Rule SgmlLinkExtractor の書き方を教えてください
混乱していて、英語のドキュメントがわかりません
多くのページで Web をクロールしたいのですが
、ルールは次のとおりです。
http://abctest.com/list.php?c=&&page=1
http://abctest.com/list.php?c=&&page=2
http://abctest.com/list.php?c=&&page=3 ...
これが私のコードです:
from scrapy.selector import Selector
from scrapy.contrib.spiders import CrawlSpider, Rule
from scrapy.contrib.linkextractors.sgml import SgmlLinkExtractor
import re
class Spider(CrawlSpider):
name = "find"
start_urls = ["http://abctest.com/list.php?c=&&page=1",]
#crawl 2 pages to test if the data is normal allow=('?c=&&page=/d+')

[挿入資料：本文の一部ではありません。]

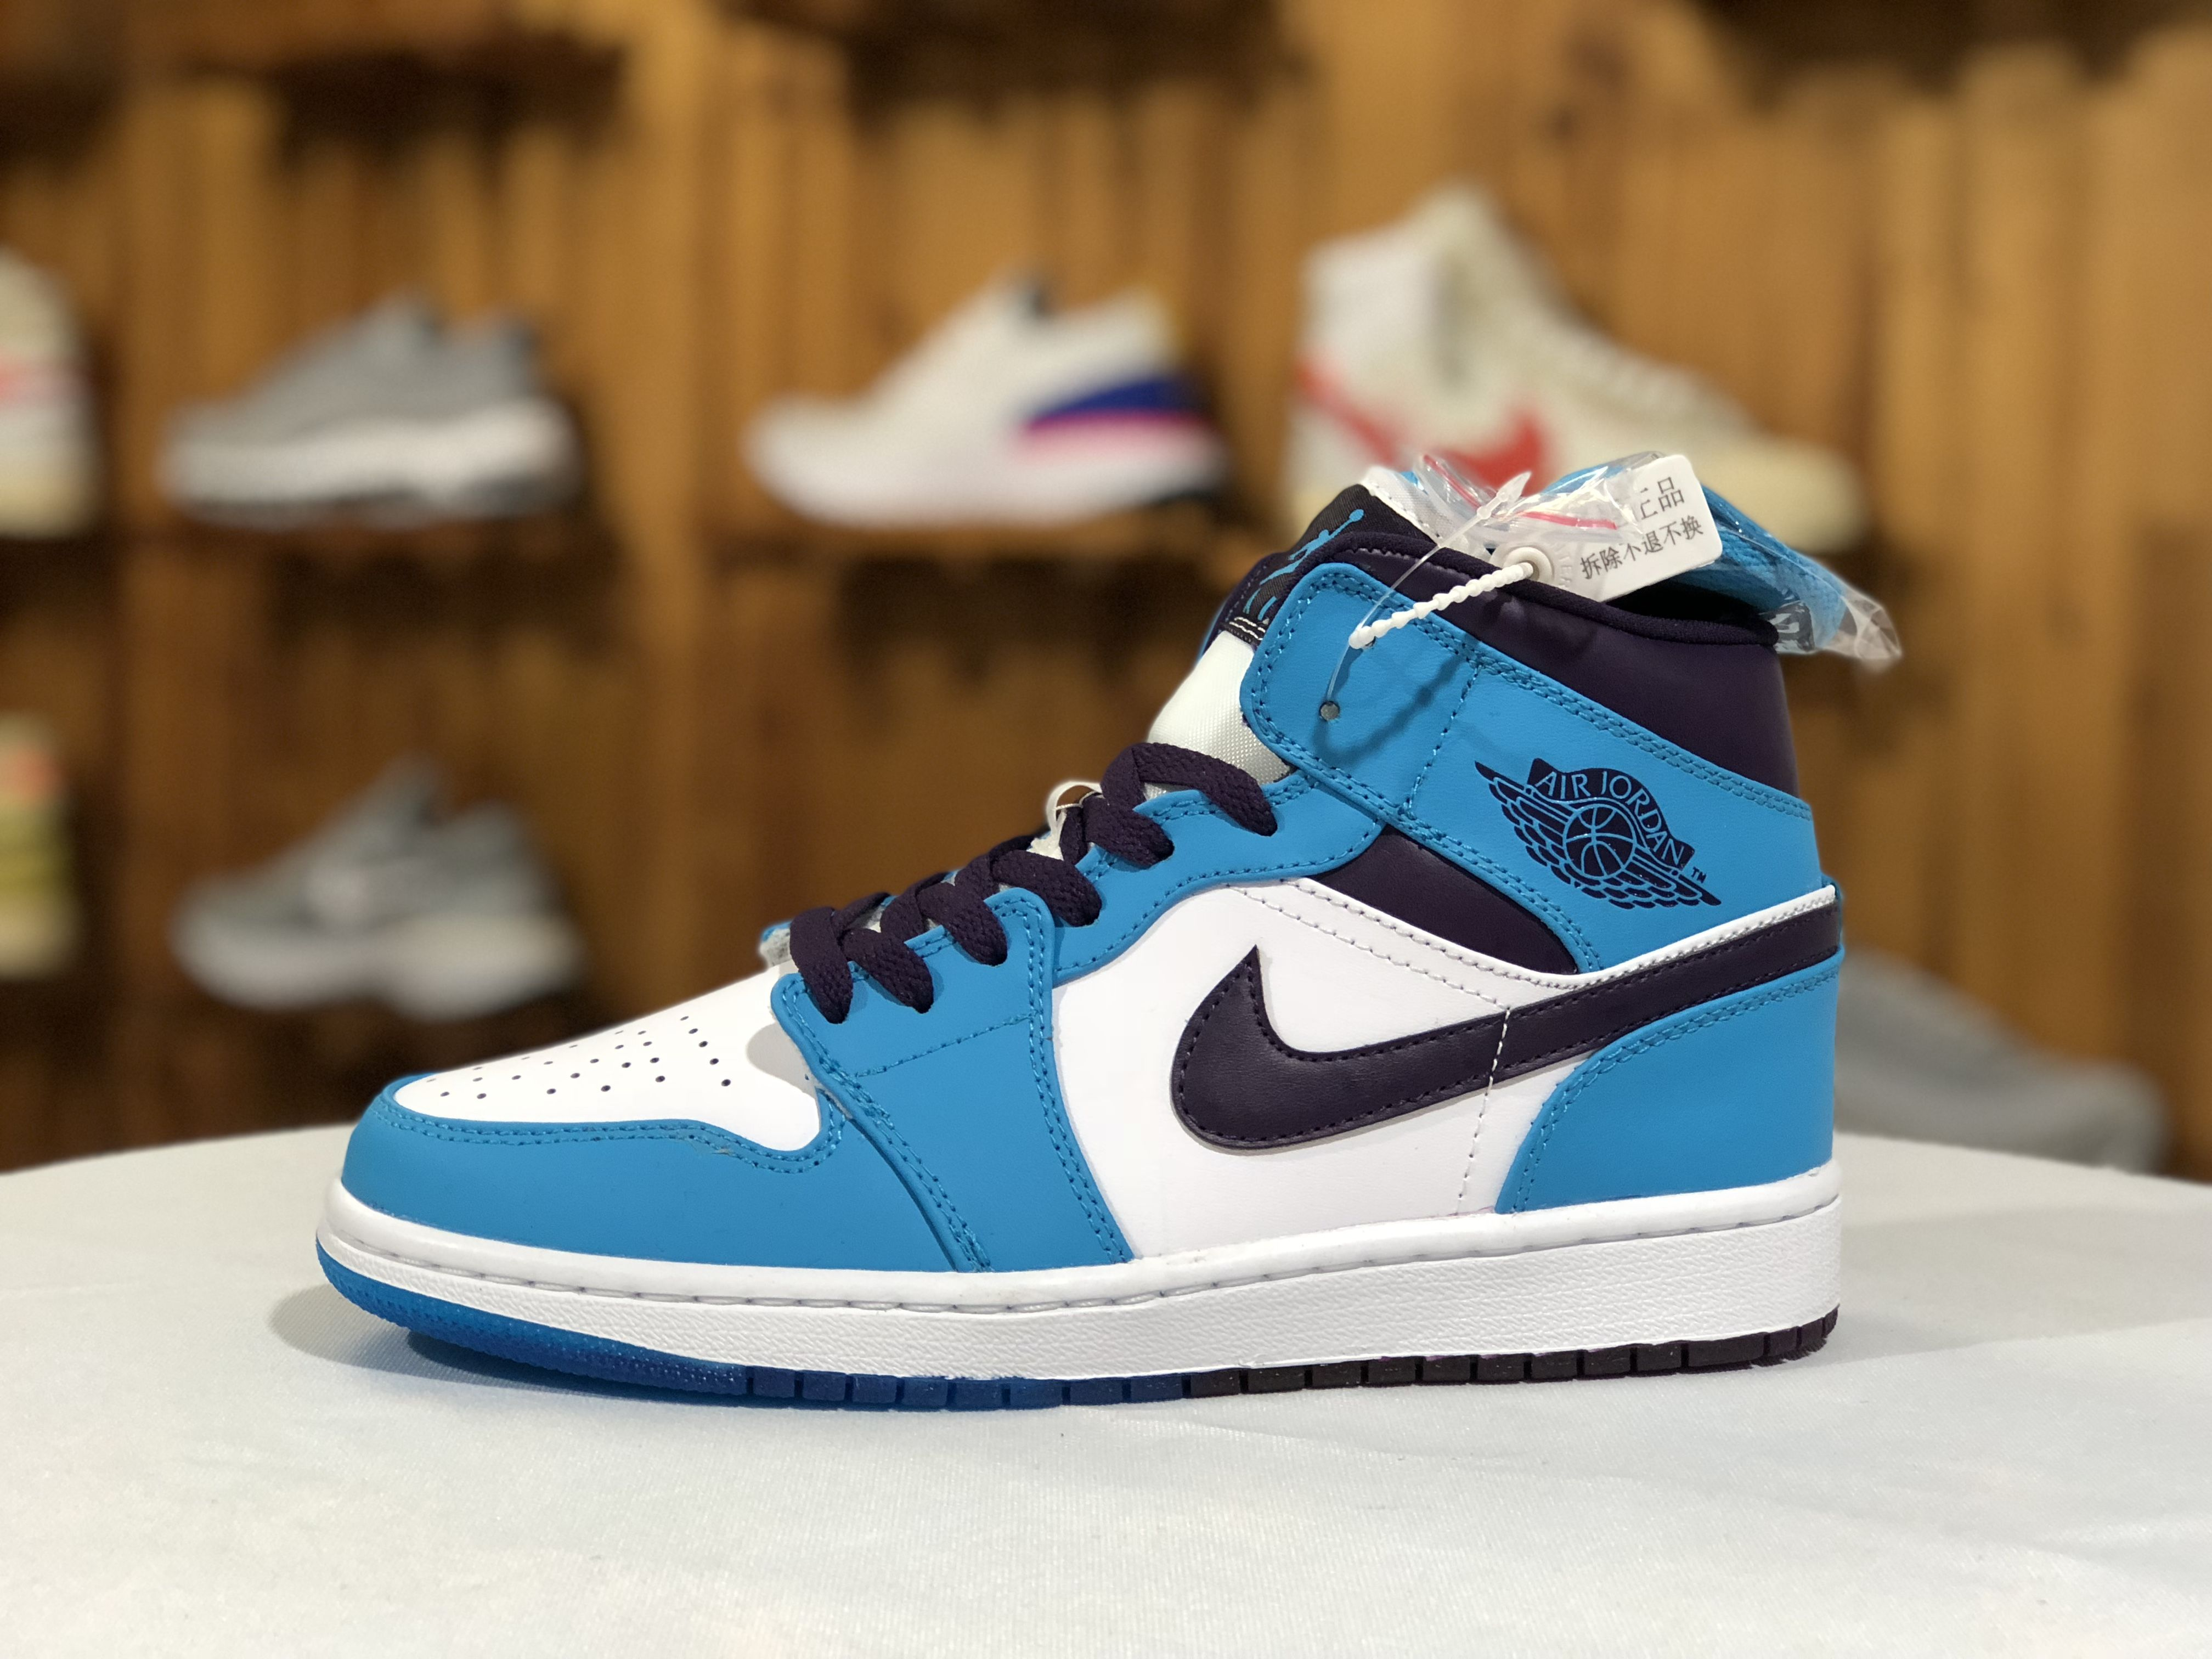 Air Jordan 1 Mid Hornets Blue Purple Basketball Shoes For Men Jordan Shoes For Men Purple Basketball Shoes Air Jordans
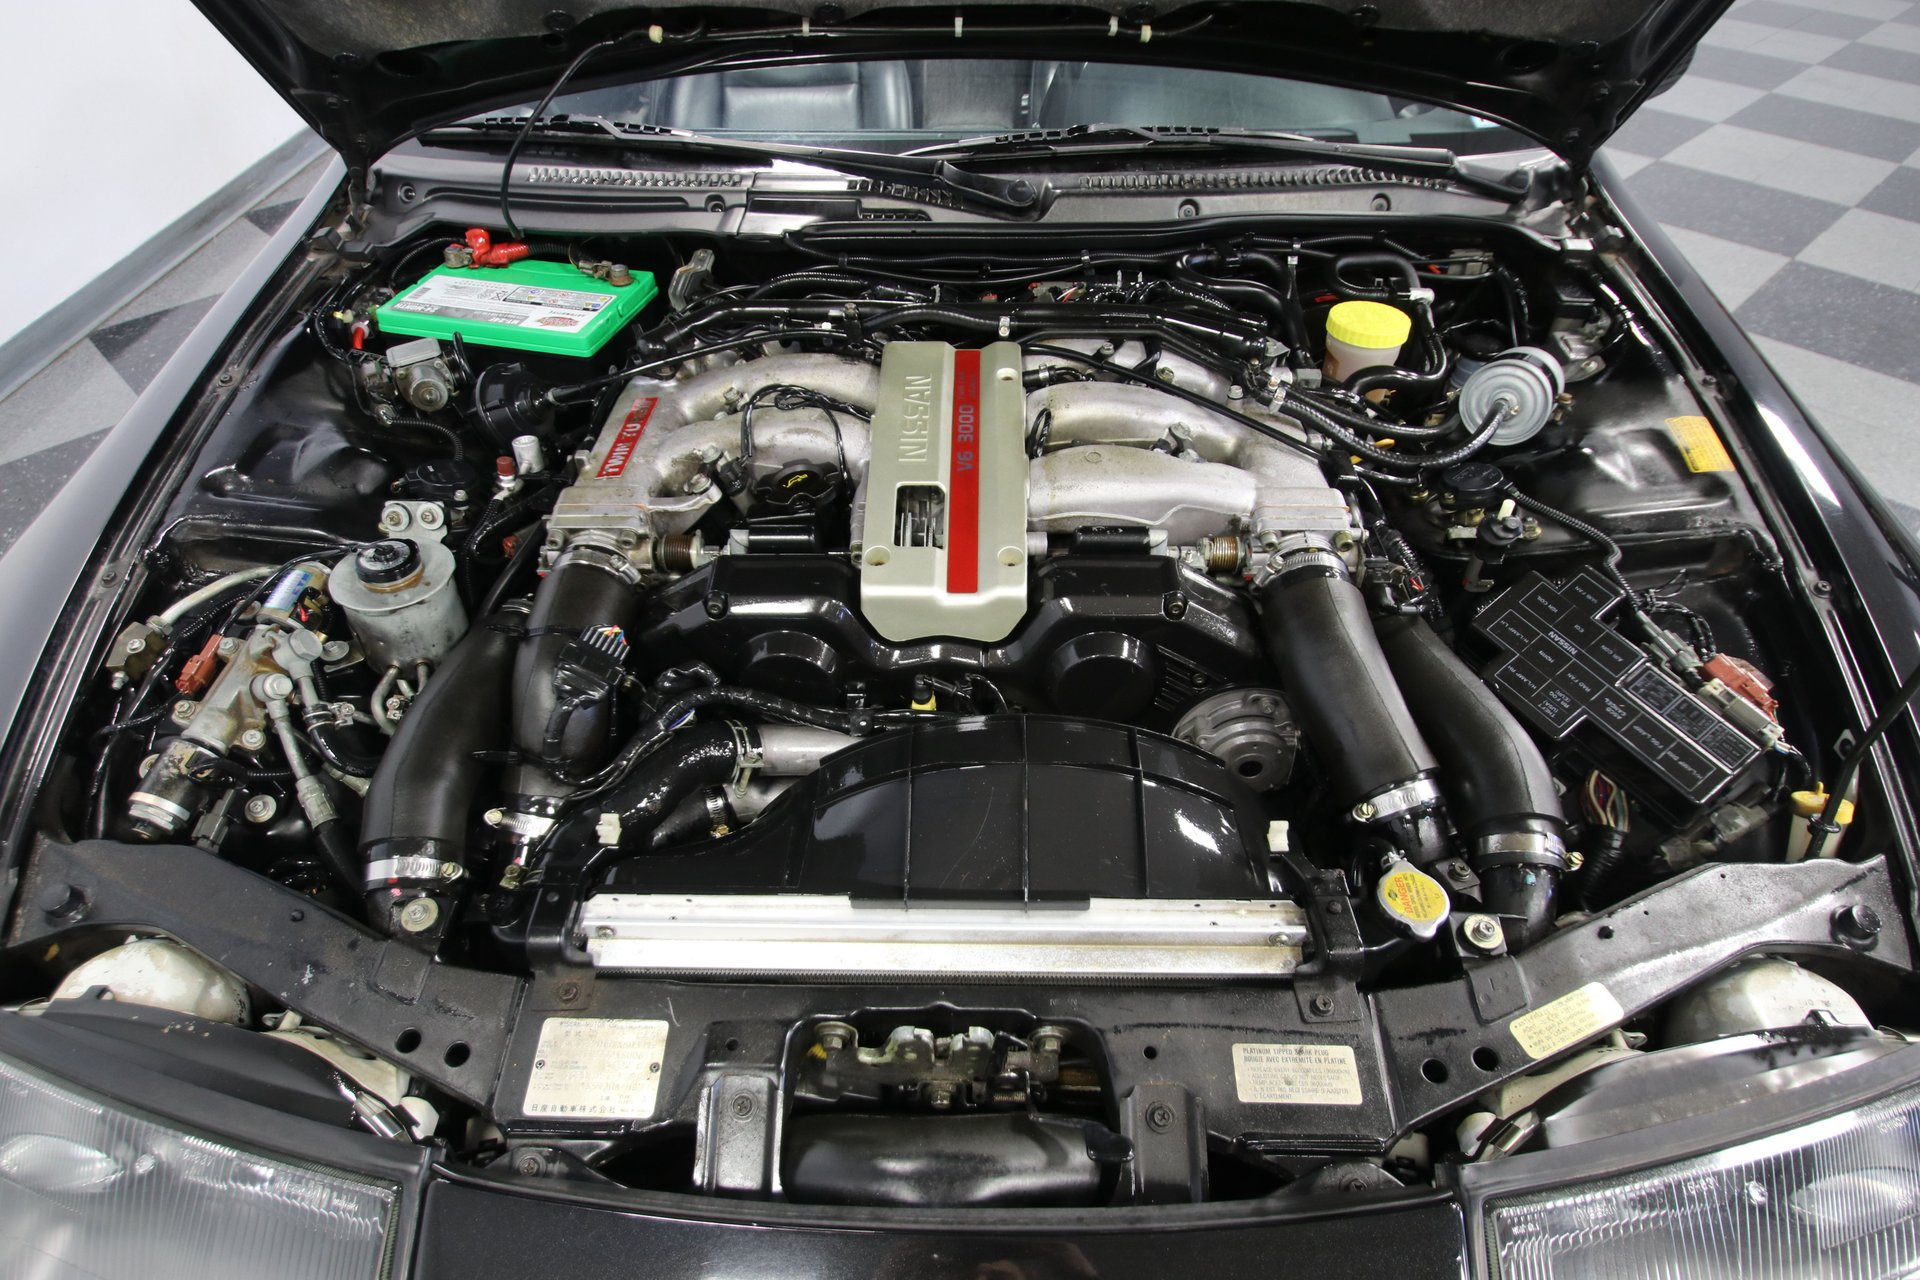 1991 nissan 300zx twin turbo

rules = [Rule(SgmlLinkExtractor(allow=('?c=&&page=2')),callback='parse_item',follow=True)]
#get the page1 item
def parse(self, response):
sel = Selector(response)
sites = sel.css("div#list table tr ")
for site in sites:
item = LAItem()
item['day'] = site.css(" td.date::text ").extract()
item['URL'] = site.css(" td.subject a::attr(href) ").extract()
yield item
#get the page2 item
def parse_item(self, response):
sel = Selector(response)
sites = sel.css("div#list table tr ")
for site in sites:
item = LAItem()
item['day'] = site.css(" td.date::text ").extract()
item['URL'] = site.css(" td.subject a::attr(href) ").extract()
yield item